🤖 AI Summary
This work addresses the problem of reliable data recovery in DNA storage systems employing MDS-based concatenated coding (e.g., Reed–Solomon codes) under independent and identically distributed substitution errors. We establish the first end-to-end analytical model for the success probability of error detection and correction. Our method integrates information-theoretic analysis, probabilistic modeling, and DNA channel characteristics to quantify how sequencing read count, inter-strand read distribution, inner and outer code rates, and substitution error rate jointly affect recovery reliability. Key contributions include: (i) uncovering a fundamental trade-off between inner and outer code rates; (ii) deriving a closed-form expression for the minimum required number of reads to guarantee high-reliability recovery; and (iii) providing a computationally tractable criterion for optimal code rate allocation. This work lays a rigorous theoretical foundation and offers practical design guidelines for joint coding and sequencing optimization in high-reliability, low-overhead DNA storage systems.
📝 Abstract
This work presents a theoretical analysis of the probability of successfully retrieving data encoded with MDS codes (e.g., Reed-Solomon codes) in DNA storage systems.

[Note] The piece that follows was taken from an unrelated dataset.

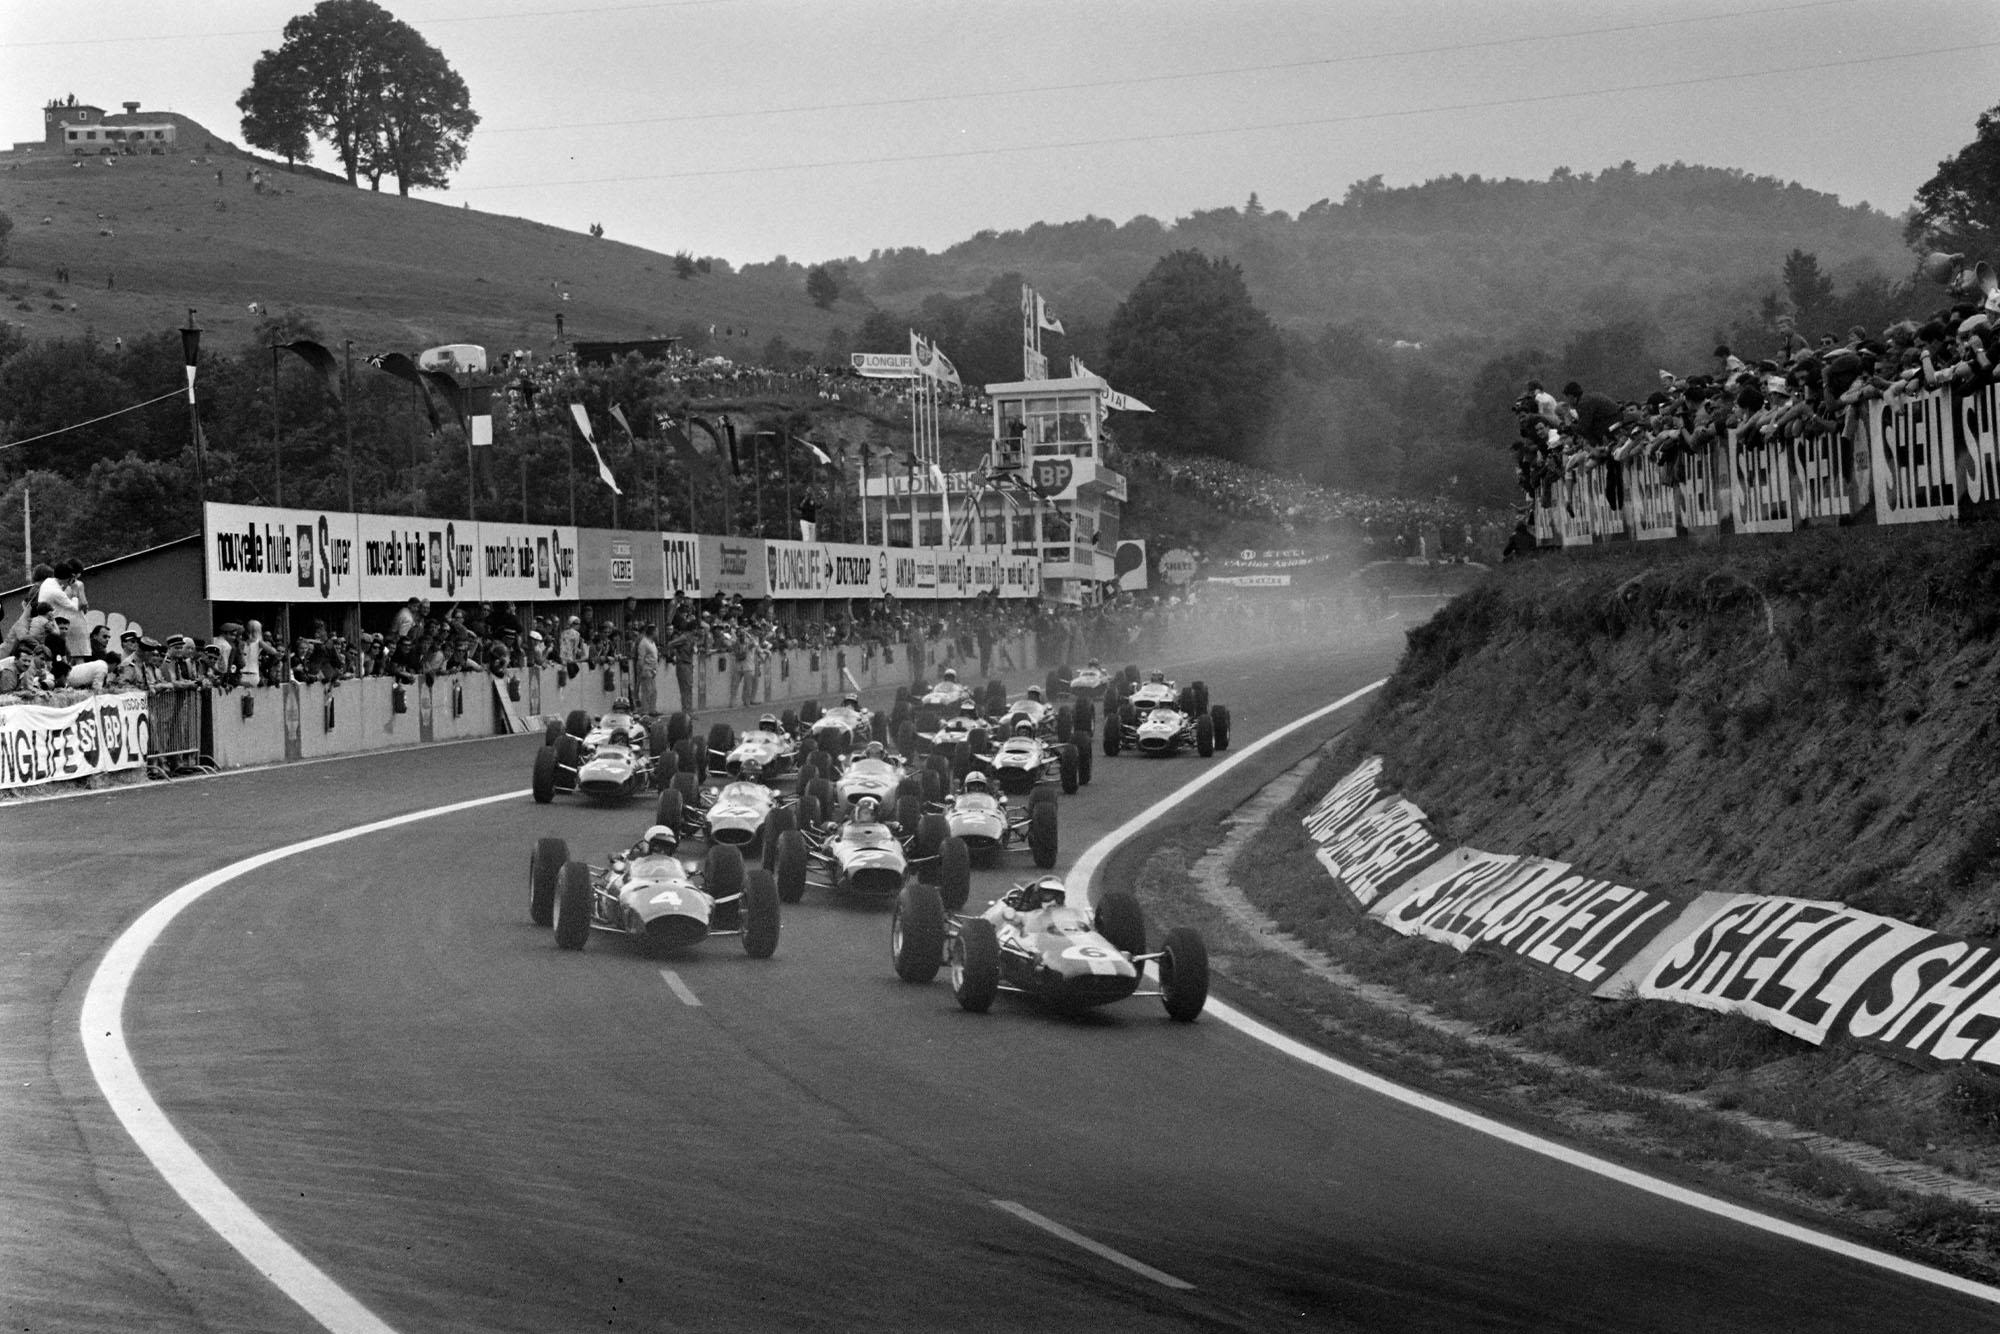 Jim Clark, Lotus 25 Climax, leads Lorenzo Bandini, Ferrari 1512, Jackie Stewart, BRM P261, Dan Gurney, Brabham BT11 Climax, John Surtees, Ferrari 158, and the rest of the field at the start of the race.

We study this probability under independent and identically distributed (i.i.d.) substitution errors, focusing on a common code design strategy that combines inner and outer MDS codes. Our analysis demonstrates how this probability depends on factors such as the total number of sequencing reads, their distribution across strands, the rates of the inner and outer codes, and the substitution error probabilities. These results provide actionable insights into optimizing DNA storage systems under reliability constraints, including determining the minimum number of sequencing reads needed for reliable data retrieval and identifying the optimal balance between the rates of inner and outer MDS codes.